Sensitive issues won't be avoided: analysts
China and Japan are expected to improve bilateral ties while not evading sensitive disputes, analysts said after Chinese State Councilor Yang Jiechi met Japanese Prime Minister Shinzo Abe on Wednesday in Tokyo.
Based on their respective national interests, experts believe that the two countries need to make progress in their relations, despite many conflicts which they say cannot be solved all at once.
During a meeting with Abe, Yang asked Japan to acknowledge history, and refuted Abe's claim that the world should not "excessively focus on our unfortunate past history."
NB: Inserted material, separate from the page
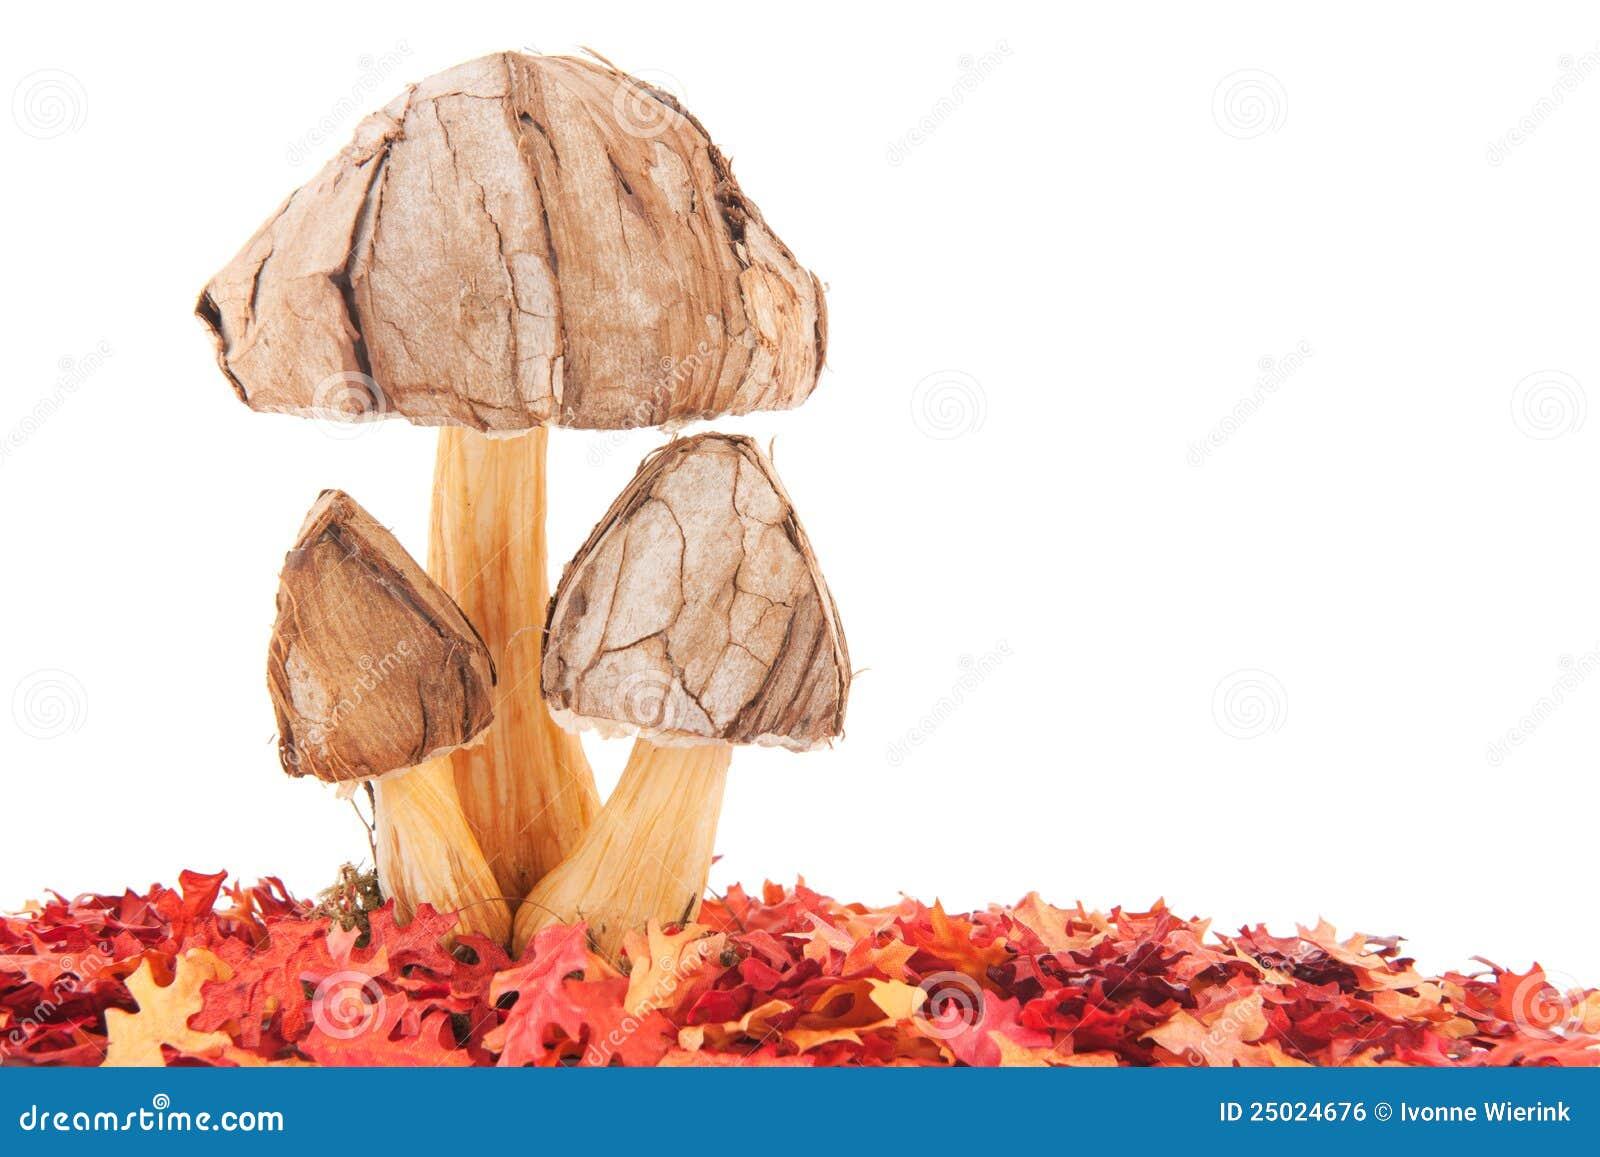 De paddestoelen van de decoratie in de herfst royalty vrije stock afbeelding beeld 25024676 - Afbeelding van decoratie ...

Yang said there are already "established views" about World War II. "It is important to firmly acknowledge history and move toward the future," he was quoted by the Kyodo News Agency as saying on Wednesday.
Abe also expressed regrets to China over the decision to register its "documents of the Nanjing Massacre" in a UN cultural agency program.
"I believe we should not excessively focus on our unfortunate past history, but that we should build future-oriented Japan-China relations," Abe told Yang in Tokyo.
Analysts said Abe's attitude shows that the core contradiction between China and Japan has not been solved despite the fact that both sides are eager to develop friendly ties.
"Japan's refusal to acknowledge historical facts shows a structural problem between China and Japan and it is not easy to resolve," Zhou Yongsheng, a professor at China Foreign Affairs University told the Global Times on Wednesday.
Chinese foreign ministry spokesperson Hua Chunying stressed on Tuesday that the Nanjing Massacre was an atrocity that was committed by the Japanese during WWII, which is a historical fact acknowledged by the international community even as the Japanese side stubbornly clings to its wrong outlook.
Natsuo Yamaguchi, head of Japan's New Komeito Party, bearing a letter from Abe to the Chinese President Xi Jinping, is expected to meet with Xi on Thursday, the Kyodo News Agency reported on Wednesday.
Lian Degui, deputy director of the Center for Asia-Pacific Studies at the Shanghai Institutes for International Studies, told the Global Times that "holograph letters" were adopted by Japan to promote diplomacy in the 1980s.
A Japanese media professional told the Global Times that although Abe holds a right-wing stance on historical issues, he still hopes to enhance Sino-Japanese ties. Save economic concerns, more important reasons are that the Japanese do not expect consistent conflicts, the source said.
Meanwhile, China and Japan on Wednesday agreed on the early launch of a maritime communication mechanism to prevent unintended clashes.
"The mechanism would help improve Sino-Japanese ties as it could reduce misjudgment over maritime conflicts, particularly in the East China Sea," Hu Lingyuan, a professor from the Japan Research Center at Fudan University, told the Global Times. However, Hu warned that China has to stay alert to Japan's deliberate incitement because the establishment of the mechanism could not prevent all contradictions.